I'm having a peculiar problem with my EKS cluster while using Karpenter for creating instances alongside KEDA for pod scaling. Since my application has low traffic at times, I want the nodes to scale down to zero. However, I'm facing long pull times for my large images when Karpenter provisions a new instance. To mitigate this, I created a golden Image that has the necessary images baked in, aimed at speeding up the pull process. The source of my image is the amazon-eks-node-al2023-x86_64-standard-1.33-v20251002 AMI. Unfortunately, whenever Karpenter creates a node from this custom AMI, the kube-proxy, aws-node, and pod-identity pods keep crashing repeatedly. On the other hand, using the unmodified latest AMI works without any issues. Here's the setup of my EC2NodeClass specifying the custom AMI and other configurations, but I'm not seeing any error logs from the pods. What could I be overlooking?
3 Answers
Have you checked the logs directly on the node's file system?
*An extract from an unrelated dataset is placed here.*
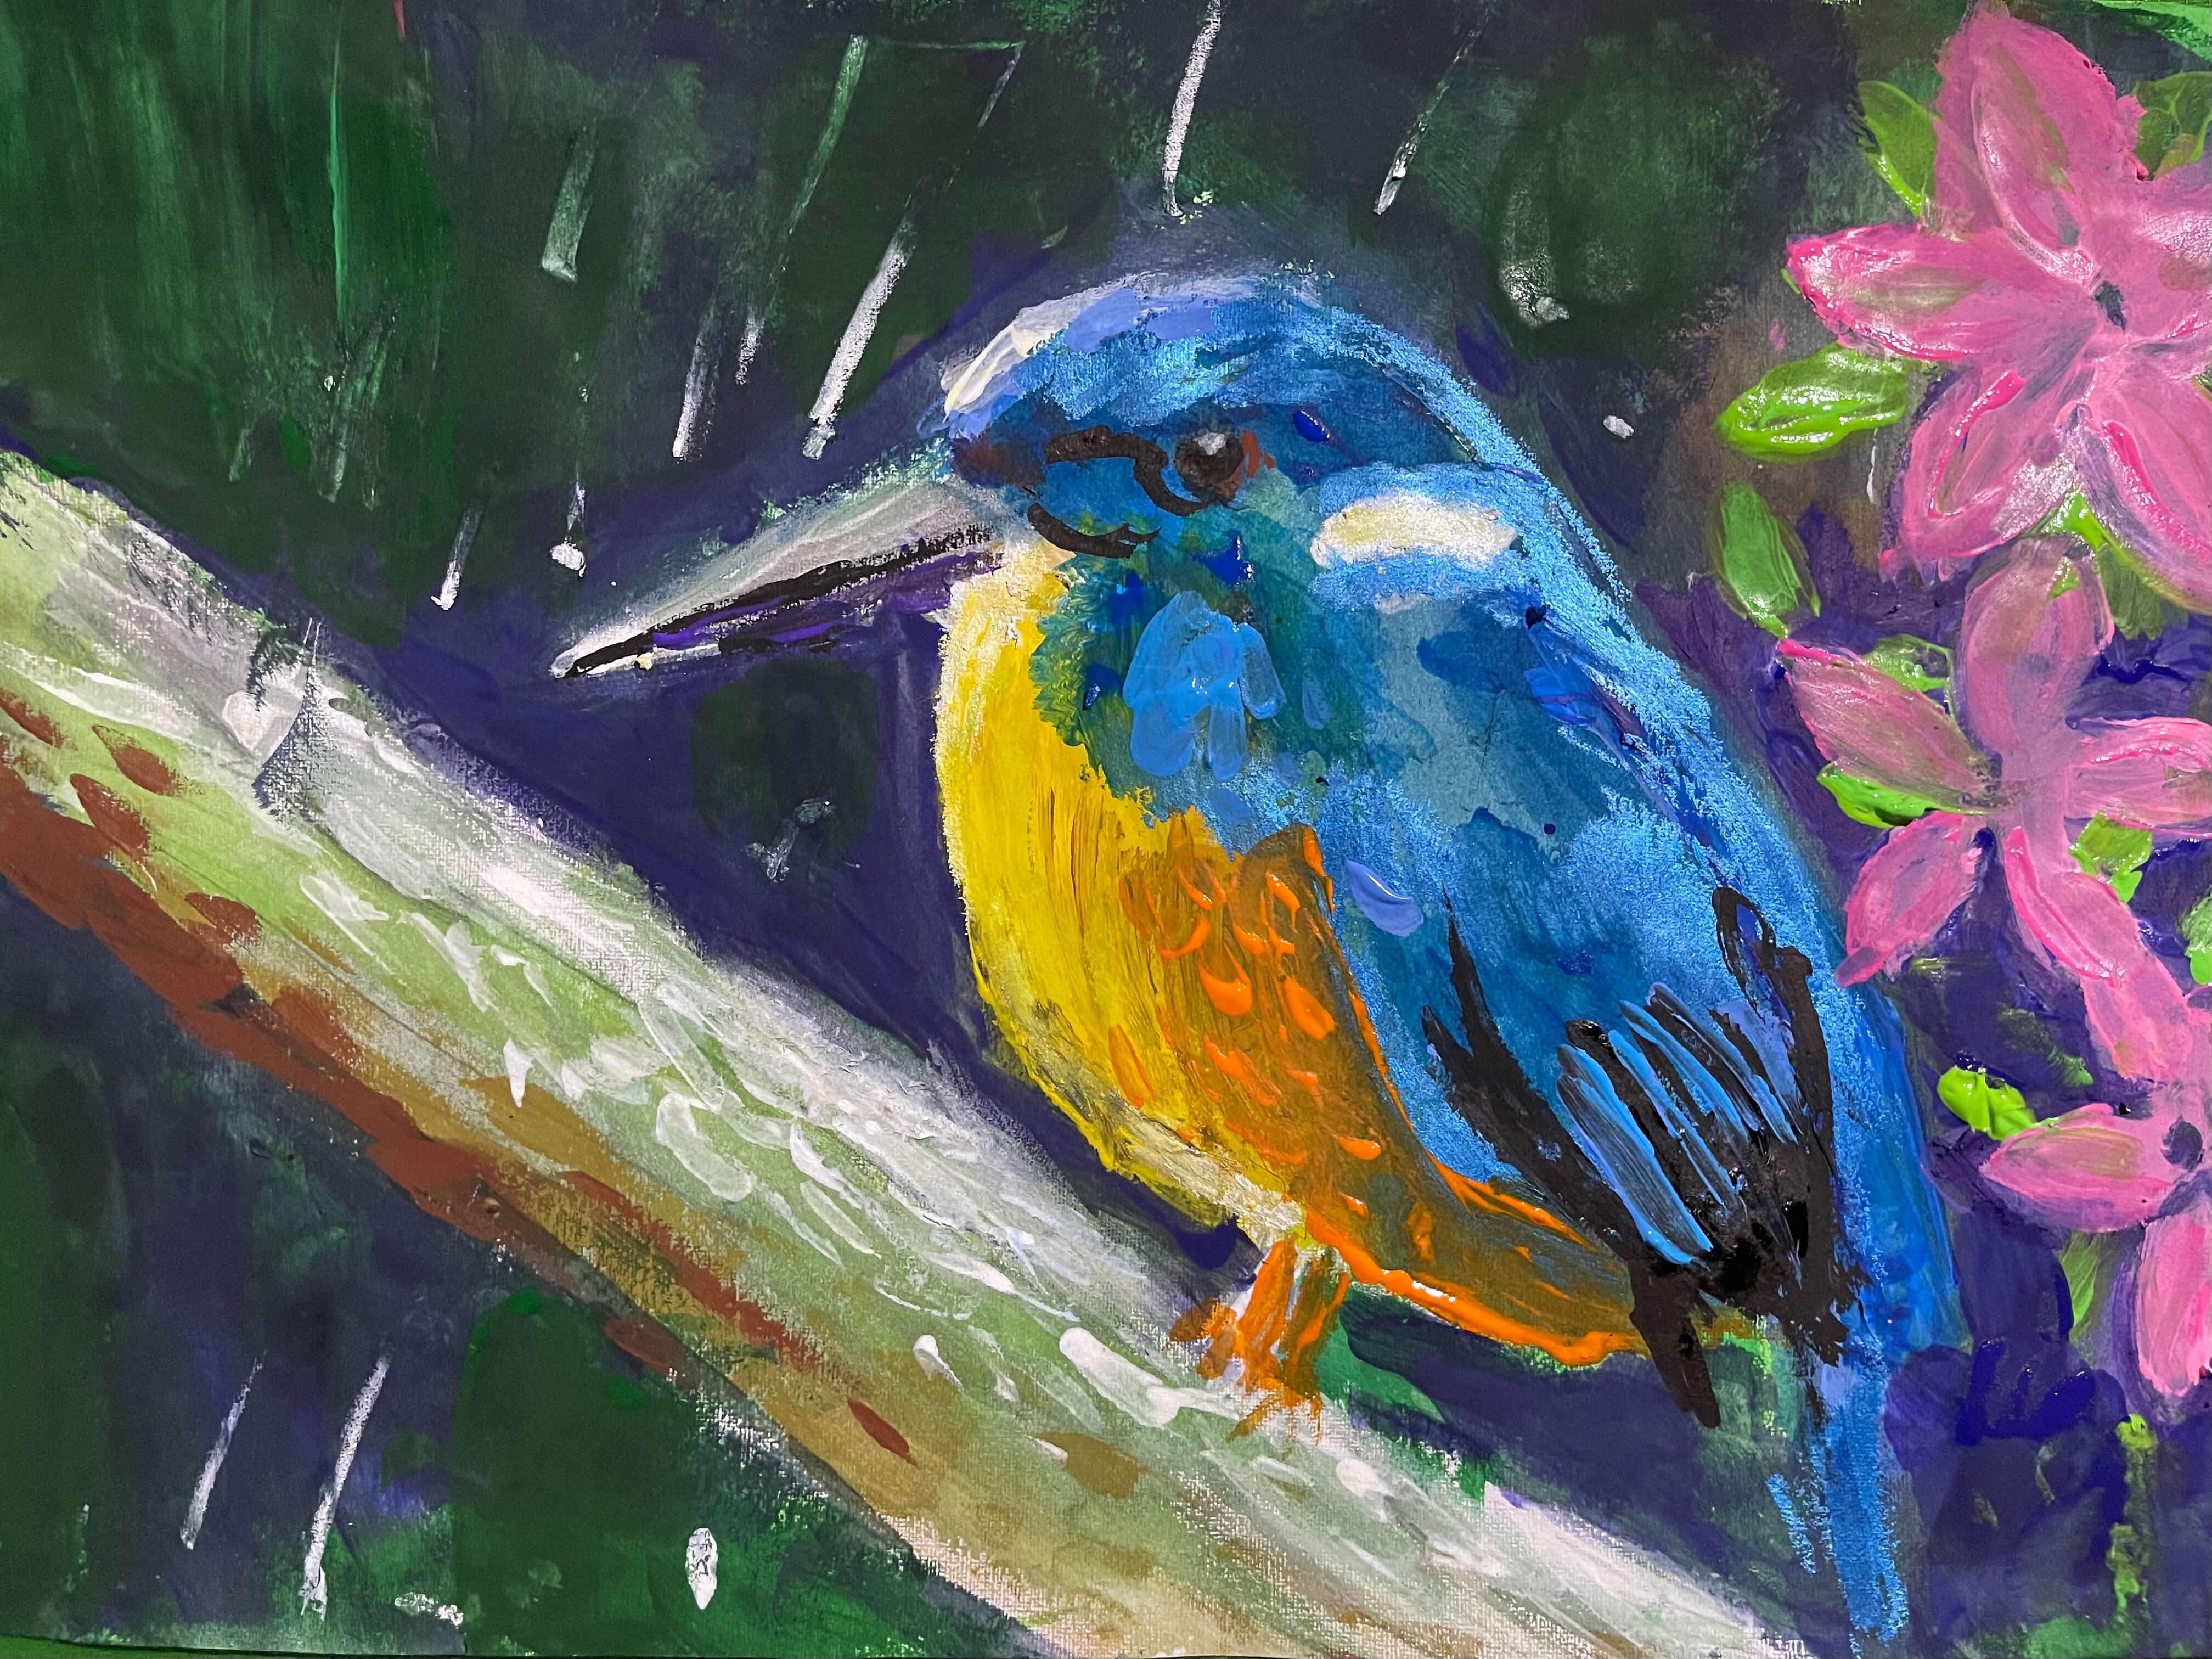 Tasmanian Azure Kingfisher by Isabella, age 7.

It can be tricky if the containers are constantly being recreated, but there might be some clues there.
I did ssh into the nodes and reviewed all logs, including containerd and kubelet. The only thing I found was a restart signal with a 'PodSandBoxChanged' message.
Creating a custom AMI can add unnecessary complexity. Instead, you could start with an EKS-provided AMI, pull your images onto it, then snapshot that volume. This way, you can pass the snapshot ID into the node class while still using the standard EKS AMI. Check out the link for more details on this approach.
I saw that information too. I'm also considering switching to a Bottlerocket AMI for quicker startup times.
I actually resolved my issue by doing two things: I realized that the custom AMI I was using wasn't the same as the one used by the launch template, so I updated it to match (both are for the same EKS version, just different kernels). Additionally, I changed the hop limit for IMDS to 2, as I found that might help pods access instance metadata. I think the second change was the key fix! Anyone else had a similar experience?
I wouldn't expect the hop limit to matter here since IMDS hop limit issues typically affect non-host network pods. The VPC CNI should work regardless since it operates off the host network.

For the VPC CNI, remember that the aws-node container won't have logs you expect. Instead, look under /var/log/aws-routed-eni/ on the node.